In a remarkably prescient comment, he described the agency as a powerful, unaccountable arm of government whose only watchdog was the workforce. ‘It is they on whom the general public must rely if errors of judgment, excessive zeal or malpractices are to be averted,’ he said. GCHQ staff, he added, had ‘considerable discretion . . .’
Mitchell described GCHQ as ‘an industrial complex . . . Its produce is intelligence. Intelligence imparts power: power which may be used to withstand a threat – or to apply one; to avert an ill, to bestow a benefit – or to exploit.’ He continued: ‘GCHQ staff have a moral responsibility, both corporate and individual, for the use to which that power is put.’

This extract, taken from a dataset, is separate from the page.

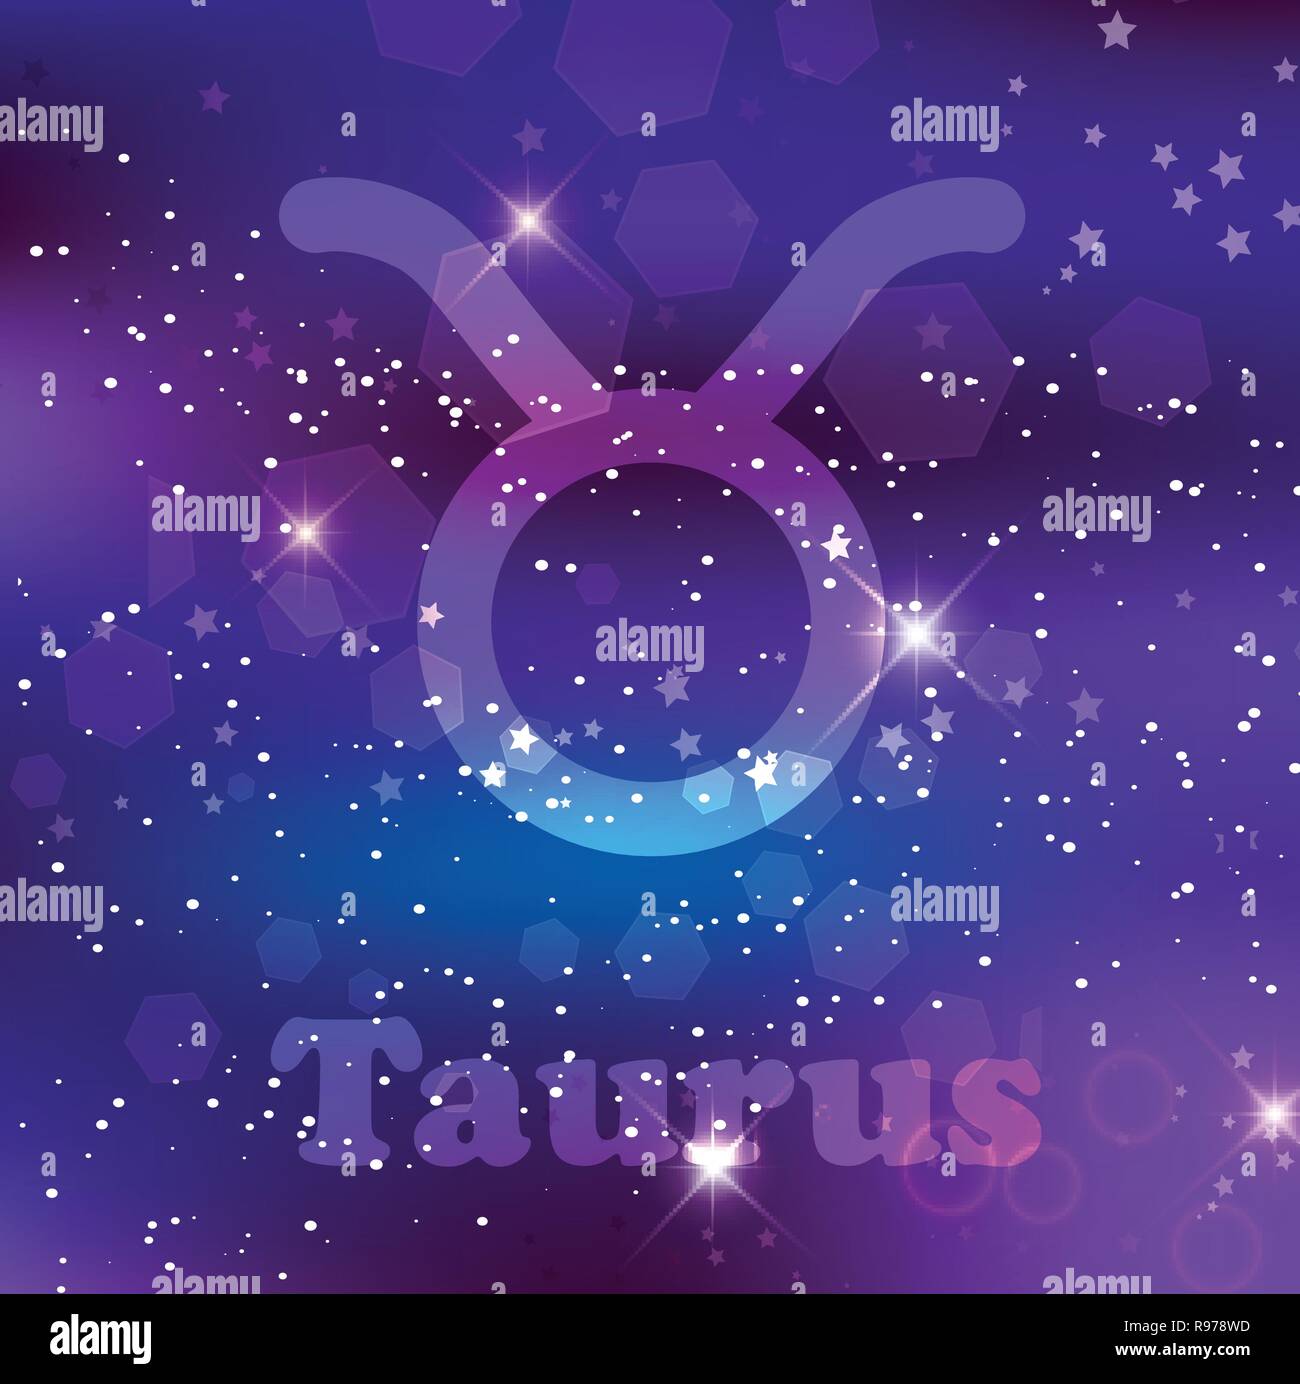 Toro segno zodiacale e costellazione sul cosmica sfondo viola con stelle luccicanti e nebulosa. Illustrazione Vettoriale, banner, poster, bull card. Spac Illustrazione Vettoriale

Throughout the debate triggered by revelations by the former US intelligence agency contractor Edward Snowden to the Guardian and Washington Post, ministers and intelligence officials have insisted that whatever GCHQ and its US counterpart, the National Security Agency (NSA), are up to, it is all entirely legal. But such assurances have to be tested against three key facts:
• The law allows government officials enormous discretion;
• Whether the law is upheld or not is entirely a matter for the people who are operating the machines that are intercepting communications; and
• The law cannot, in any event, keep pace with the march of sophisticated intrusive technology.
In the US, the NSA can search without any prior authorisation the emails, internet chats and browsing histories of millions of individuals. In Britain, William Hague, the foreign secretary who is responsible for GCHQ, says the agency rigorously abides by the law. Under the 2000 Regulation of Investigatory Powers Act, he can issue warrants allowing GCHQ to intercept communications.
But the targets do not have to be identified by the warrants. In other words, GCHQ’s lawful authority to eavesdrop is open-ended.
Controls over what the NSA can lawfully do, overseen by compliant secret court hearings, are loose enough. The documents leaked by Snowden reveal that GCHQ has described the UK’s even more relaxed legal constraints, when compared to those in the US, as a ‘selling point’ for the Americans.
This is the core of the ‘special relationship’ – what GCHQ calls a ‘pivotal partnership’. The NSA pays GCHQ to help do its ‘dirty work’, spending some £100 million over the past few years on GCHQ’s bases in Bude, Cornwall and Cyprus. In exchange for financial help and high-level intelligence supplied by the NSA, successive British governments (Labour administrations have proved more compliant than the Tories) have returned the favours.
Britain provides the NSA with Menwith Hill, the American agency’s largest eavesdropping station outside the US. The base on the North Yorkshire moors receives, transmits and intercepts information from satellites. But its position also enables it to plug into the international and domestic telecommunications network passing through Britain.
The relationship between the two agencies is reflected in a 1994 staff manual, which told GCHQ staff that the agency’s contribution must be ‘of sufficient scale and of the right kind to make a continuation of the Sigint [signals intelligence] alliance worthwhile to our partners’.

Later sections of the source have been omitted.